A JavaScript+WebAssembly port is available, compiled through emscripten. Here’s a quick example of how to compile ryml with emscripten using emcmake:

git clone --recursive https://github.com/biojppm/rapidyaml
cd rapidyaml
emcmake cmake -S . -B build \
    -DCMAKE_CXX_FLAGS="-s DISABLE_EXCEPTION_CATCHING=0"

Here’s a quick example on how to configure, compile and run the tests using emscripten:

cd rapidyaml
emcmake cmake -S . -B build/emscripten \
   -D RYML_DEV=ON \
   -D RYML_BUILD_TESTS=ON \
   -D RYML_BUILD_BENCHMARKS=OFF \
   -D RYML_TEST_SUITE=OFF \
   -D RYML_DEFAULT_CALLBACK_USES_EXCEPTIONS=ON \
   -D CMAKE_BUILD_TYPE=Release \
   -D CMAKE_CXX_FLAGS='-s DISABLE_EXCEPTION_CATCHING=0'
cmake --build build/emscripten --target ryml-test-run -j

Python

(Note that this is a work in progress.

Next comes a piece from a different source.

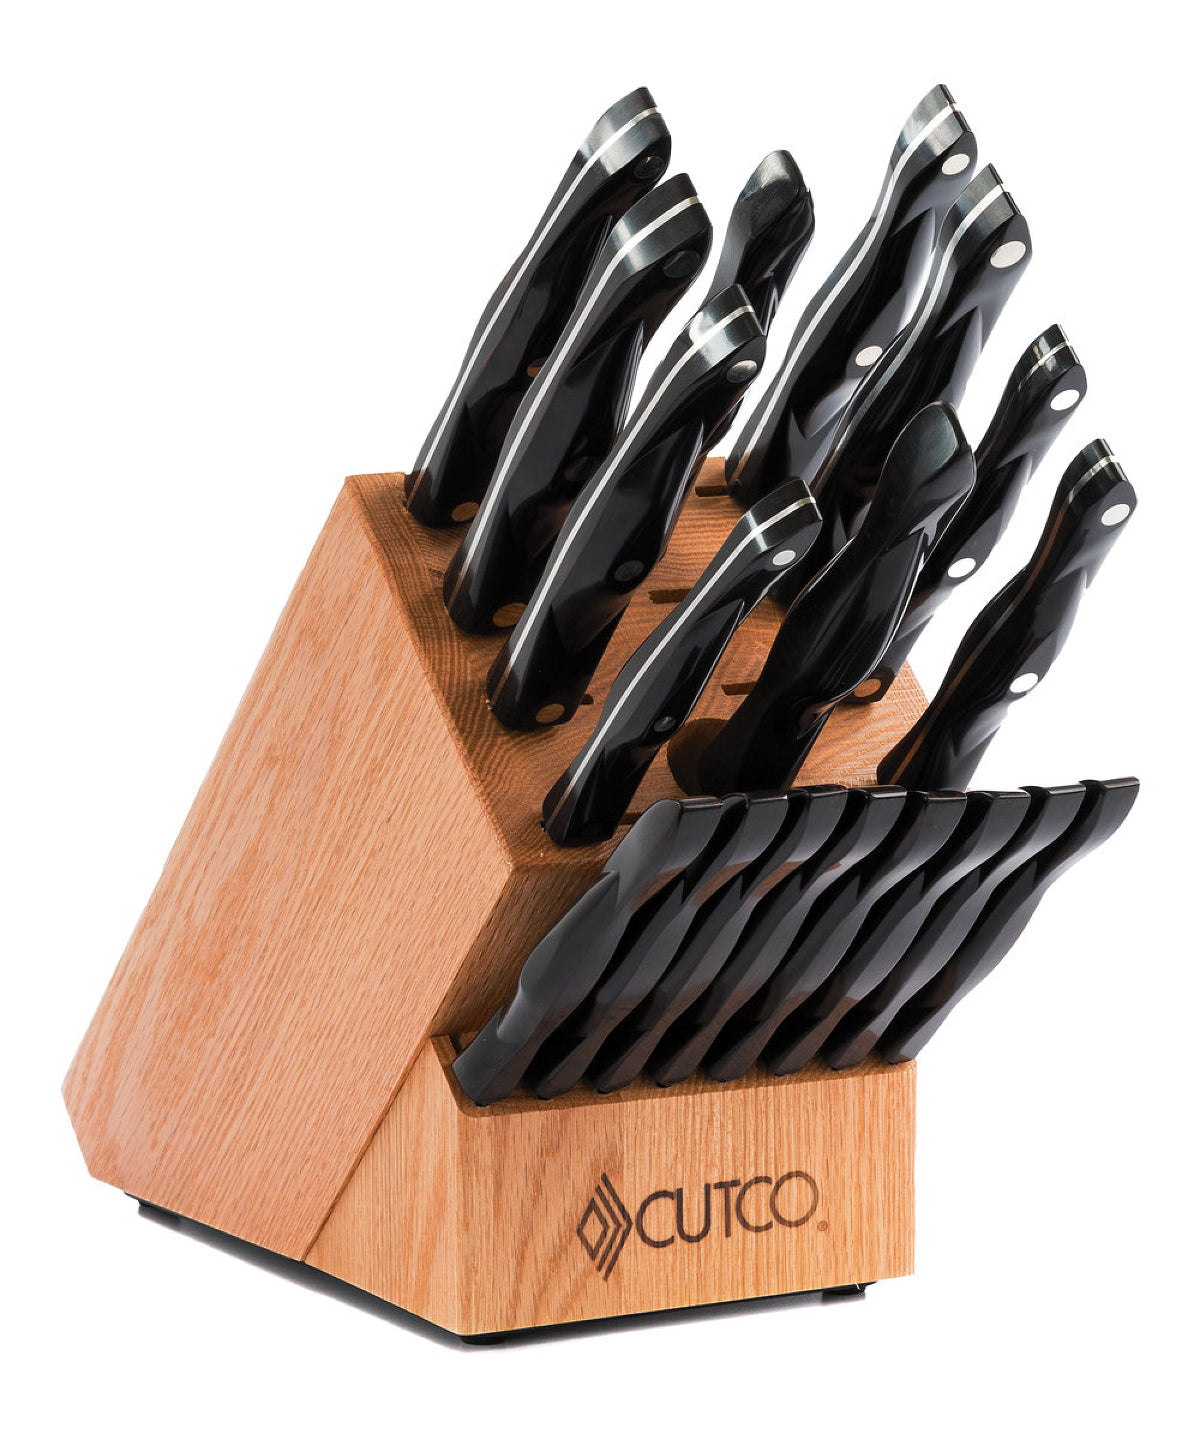  CUTCO Model 2018 Homemaker+8 SetIncludes (8) #1759  Table Knives, (10) Kitchen Knives & Forks, #1748 Honey Oak knife block, #82  Sharpener, and #125 Medium Poly Prep cutting board. High Carbon  Stainless

Additions will be made and things will be changed.) With that said, here’s an example of the Python API:

import ryml

# ryml cannot accept strings because it does not take ownership of the
# source buffer; only bytes or bytearrays are accepted.
src = b"{HELLO: a, foo: b, bar: c, baz: d, seq: [0, 1, 2, 3]}"

def check(tree):
    # for now, only the index-based low-level API is implemented
    assert tree.size() == 10
    assert tree.root_id() == 0
    assert tree.first_child(0) == 1
    assert tree.next_sibling(1) == 2
    assert tree.first_sibling(5) == 2
    assert tree.last_sibling(1) == 5
    # use bytes objects for queries
    assert tree.find_child(0, b"foo") == 1
    assert tree.key(1) == b"foo")
    assert tree.val(1) == b"b")
    assert tree.find_child(0, b"seq") == 5
    assert tree.is_seq(5)
    # to loop over children:
    for i, ch in enumerate(ryml.children(tree, 5)):
        assert tree.val(ch) == [b"0", b"1", b"2", b"3"][i]
    # to loop over siblings:
    for i, sib in enumerate(ryml.siblings(tree, 5)):
        assert tree.key(sib) == [b"HELLO", b"foo", b"bar", b"baz", b"seq"][i]
    # to walk over all elements
    visited = [False] * tree.size()
    for n, indentation_level in ryml.walk(tree):
        # just a dumb emitter
        left = "  " * indentation_level
        if tree.is_keyval(n):
           print("{}{}: {}".format(left, tree.key(n), tree.val(n))
        elif tree.is_val(n):
           print("- {}".format(left, tree.val(n))
        elif tree.is_keyseq(n):
           print("{}{}:".format(left, tree.key(n))
        visited[inode] = True
    assert False not in visited
    # NOTE about encoding!
    k = tree.get_key(5)
    print(k)  # '<memory at 0x7f80d5b93f48>'
    assert k == b"seq"               # ok, as expected
    assert k != "seq"                # not ok - NOTE THIS!
    assert str(k) != "seq"           # not ok
    assert str(k, "utf8") == "seq"   # ok again

# parse immutable buffer
tree = ryml.parse_in_arena(src)
check(tree) # OK

# parse mutable buffer.
# requires bytearrays or objects offering writeable memory
mutable = bytearray(src)
tree = ryml.parse_in_place(mutable)
check(tree) # OK

As expected, the performance results so far are encouraging. In a timeit benchmark compared against PyYaml and ruamel.yaml, ryml parses quicker by generally 100x and up to 400x:

+----------------------------------------+-------+----------+----------+-----------+
| style_seqs_blck_outer1000_inner100.yml | count | time(ms) | avg(ms)  | avg(MB/s) |
+----------------------------------------+-------+----------+----------+-----------+
| parse:RuamelYamlParse                  |     1 | 4564.812 | 4564.812 |     0.173 |
| parse:PyYamlParse                      |     1 | 2815.426 | 2815.426 |     0.280 |
| parse:RymlParseInArena                 |    38 |  588.024 |   15.474 |    50.988 |
| parse:RymlParseInArenaReuse            |    38 |  466.997 |   12.289 |    64.202 |
| parse:RymlParseInPlace                 |    38 |  579.770 |   15.257 |    51.714 |
| parse:RymlParseInPlaceReuse            |    38 |  462.932 |   12.182 |    64.765 |
+----------------------------------------+-------+----------+----------+-----------+

(Note that the parse timings above are somewhat biased towards ryml, because it does not perform any type conversions in Python-land: return types are merely memoryviews to the source buffer, possibly copied to the tree’s arena).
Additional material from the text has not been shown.